KM I think that's a great way to put it– being comfortable with being uncomfortable. And that being maybe the only way to combat imposter syndrome, which of course can flare up at any level of tenure or length of career. There's so many new things to learn that it can be overwhelming, but you’ve just got to know that there's a path towards getting there. Okay, so you are a staff level engineer at Intuit. Intuit, of course, brings us stuff like QuickBooks, TurboTax, Credit Karma, MailChimp, stuff like that. That's the big organization. Can you tell me more about your team or a project that you're currently working on and what kind of the scope of that project is and what your role on that project is?
YE So the team that I was hired into works with a tool that is providing employees of the company the ability to manually evaluate cases where there is a system that triggered a warning that maybe this is a risky transaction. So it's within the greater QuickBooks realm, and QuickBooks handles not just accounting, but it handles now payroll, invoicing, payments, money transfers, loans. There are many, many different financial vehicles that are handled, and whenever you have financial vehicles being handled, then you have the potential for fraud– either people that are trying to pose themselves as one party they stole credentials for, or they are trying to, let's say, take advantage of a line of credit that they fraudulently acquired, all different things like that. And whenever you have transactions with money, you're going to have that potential, especially with a huge company like Intuit where we have literally billions of dollars flowing through our system. So a very small percentage of those different transactions, of which there are many types, are flagged by different systems as being suspicious. Some of them are obviously wrong and those are stopped right away. Most of them are just good and they go through. And there's a very, very small number, which is still in the thousands per day, that we think there might be something wrong but somebody has to look into it more. And that's where the tool that my team provides comes in, and there are employees in the company that are trained about how to evaluate them and then there are many different ways in which they'll evaluate based on the type of transaction, based on the type of risk, based on the type of suspicion that they'll evaluate them. And we kind of consolidate the many tools that are used internally from Intuit and also as well as third party tools and we help to provide tools to let those evaluations go in as timely a manner as possible and as accurate manner as possible.

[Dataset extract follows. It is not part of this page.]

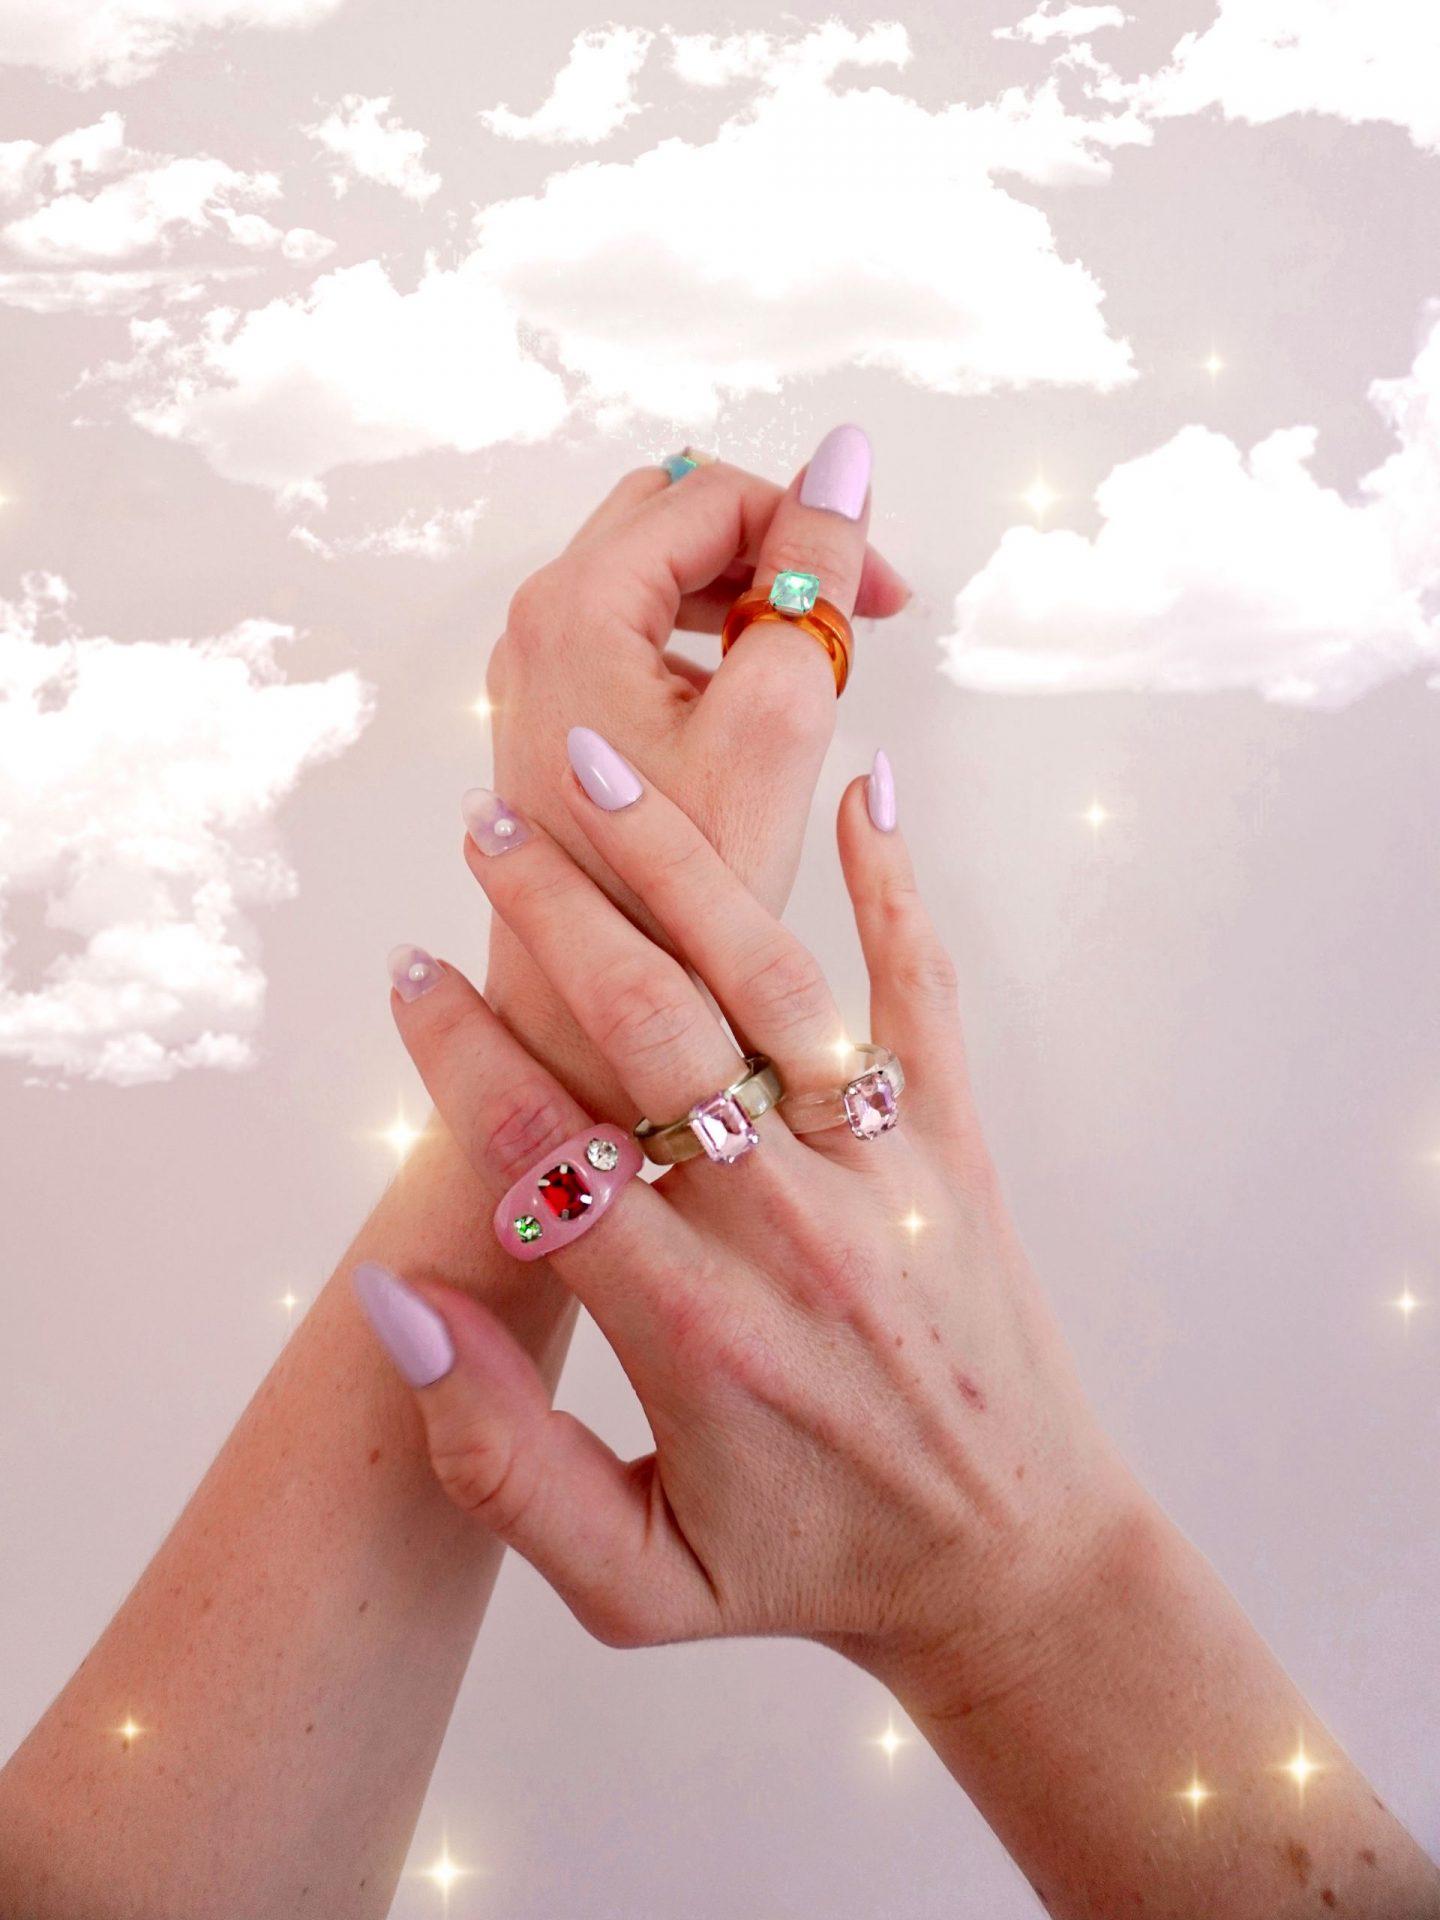 hands wearing amazon ring set celebs love them

KM Are there real time demands on that system? I know when I spend 2,000 bucks on home decor or something, my credit card company says, “You don't normally do that,” and tries to abate the transaction immediately, doesn't let it go through, sends me a little text alert, which I'm always appreciative of, and I say, “Yes, that was me,” or “No, that wasn't.” Do you have to do it in real time or are these mostly auditing systems where you can put it on a queue and let it resolve at some point?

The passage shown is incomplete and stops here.